Wednesday, July 2, 2008

Ramblings

I've got a lot going on lately but have stopped to appreciate a few things here and there.

Watched Juno with Todd last night. Love the soundtrack, can't wait to get it. I loved the movie. It was especially moving for me I think because I was only a mere 16 when I got pregnant with my Tyler. Of course Juno is a Hollywood character; no one is as wise as her in those years!

If you'd ever like a little glimpse into my day to day with hubby Todd, watch this week's new episode of John & Kate Plus 8. It's the episode of "Girls Day Out." I wish Todd watched it with me, he was busy so I would laugh, hit pause, then run and tell him what they were bickering about. We could easily be them!

We've had a couple of fun days at the community pool. We are now cleaning the camper and preparing for our first trip of the season. We are headed up to Waters, MI for the 4th of July holiday with a friend of mine. I'm sure I'll have a few vacation pictures to post upon on return.

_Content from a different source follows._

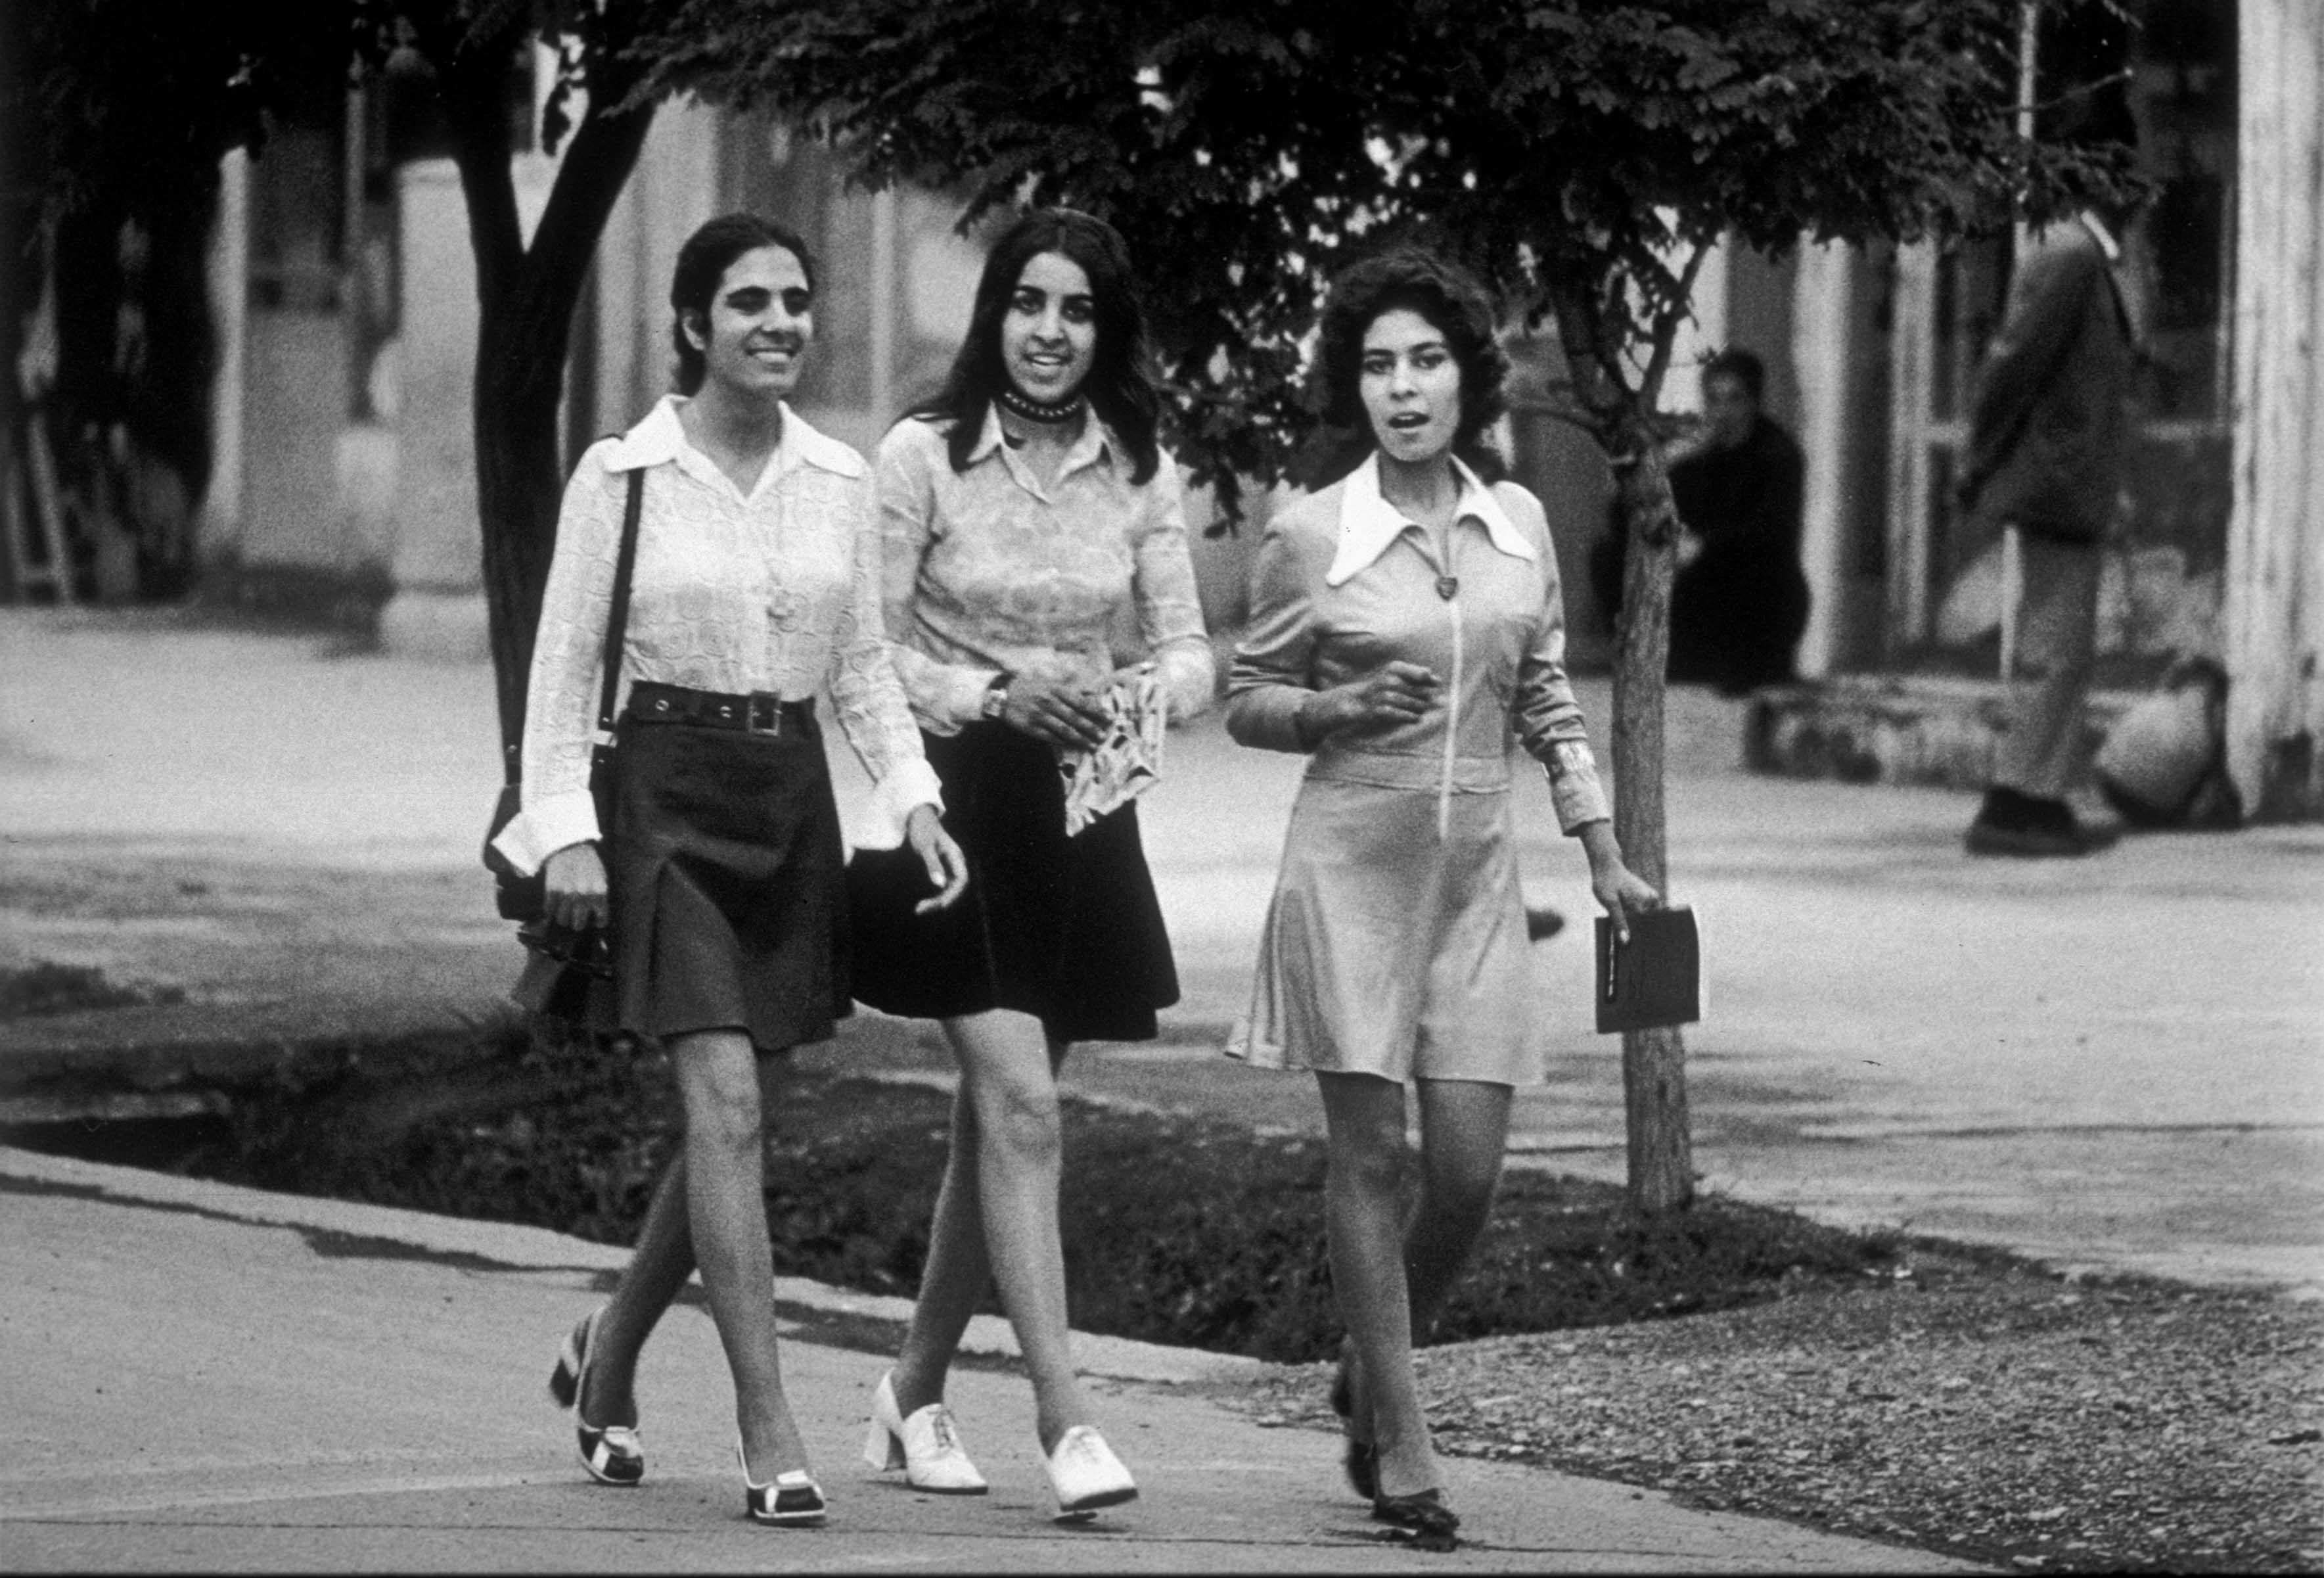 Mulheres andando de mini-saia em Kabul, capital do Afeganistão, no ano de 1972.

We leave first thing tomorrow morning and I'm waaay behind schedule!

I had my first newborn shoot yesterday. Olivia was a perfect angel for me. She didn't say a peep and was perfect the entire time. I couldn't have asked for a better first experience. I'm really excited because I have about 1 booking per week for the upcoming weeks that we'll be in town so I'm happy to see my portfolio expanding. Check out my photo blog for a peak at Olivia.

Have a safe and happy anniversary celebration for our wonderful country!